Big Apple or bust: Speaking from a safe house, where he is now in hiding, Simentov said his “final plan” is to settle in New York. “Everything is exciting in New York — the cars, the whiskey, the people,” he said. “Everything.” A spokesperson for Senate Majority Leader Chuck Schumer (D-NY) confirmed to JI that his office is working on Simentov’s case. But for the moment, it seems more likely that Simentov will end up in Israel, according to Moti Kahana, the American-Israeli businessman who orchestrated the evacuation. “He would like to make it to New York tomorrow,” Kahana said. “But it’s not going to happen.”

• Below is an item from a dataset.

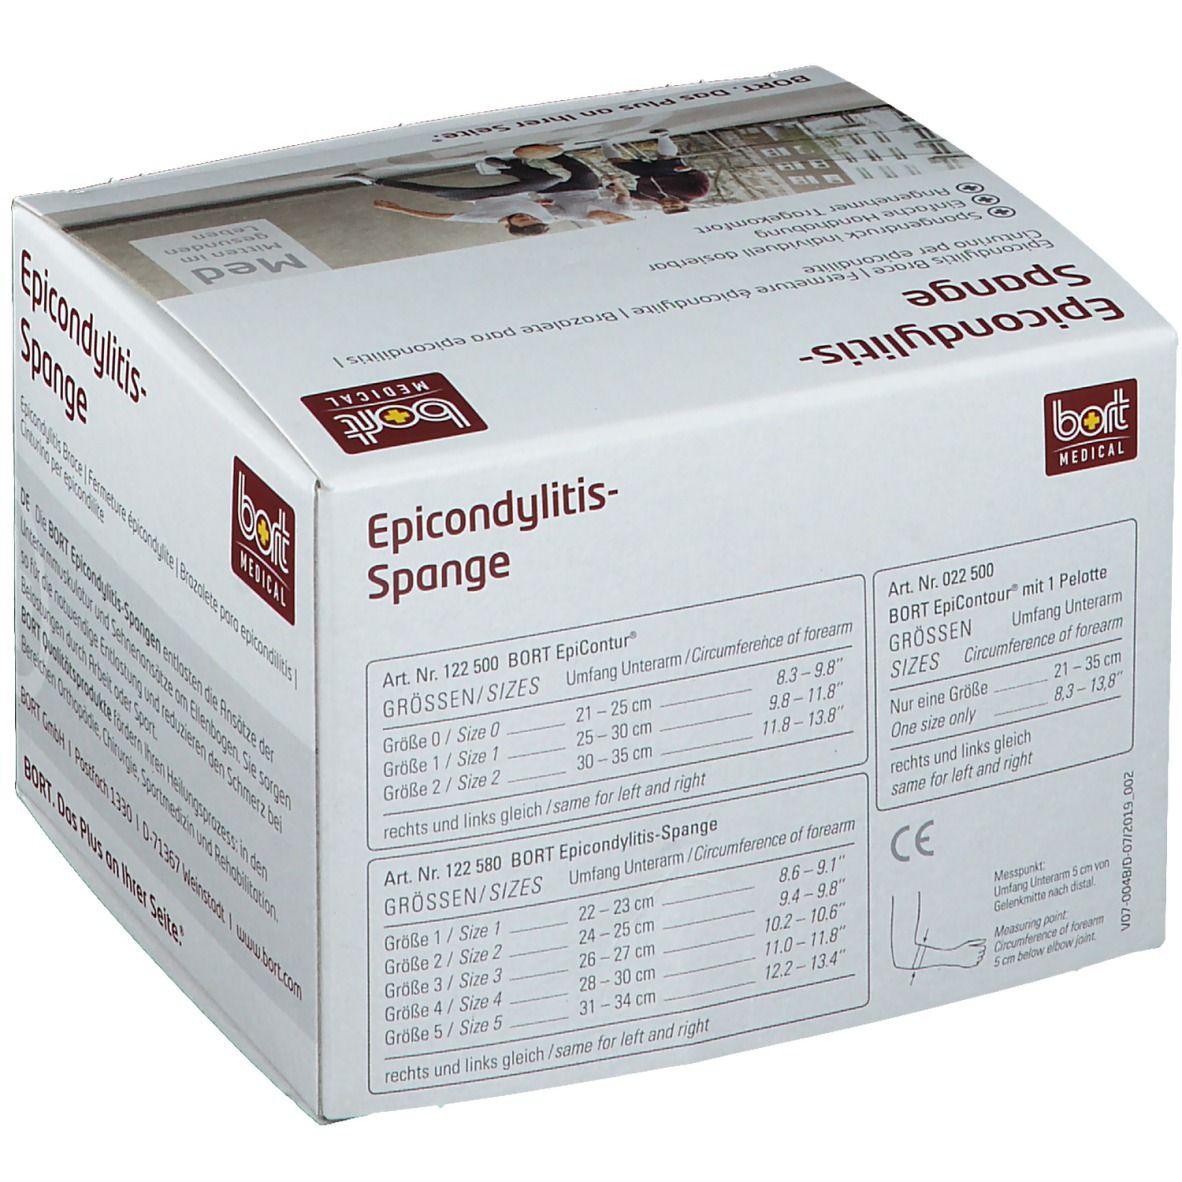 BORT Stabilo® Epicondylitis-Spange mit ulnarer Entlastung Gr. 1 grau

Israel via Dubai: Kahana said he had spoken with Simentov late last week and advised him to go to Israel, where Simentov’s sister as well as his ex-wife and children live. He is currently preparing for Simentov’s departure to the Israeli embassy in Dubai, where officials are expecting him, likely within the next week or so. Kahana estimates that Simentov will be required to wait for just a few days while his papers are processed, and then make his way to Israel. There, he can apply for an Israeli passport after 90 days.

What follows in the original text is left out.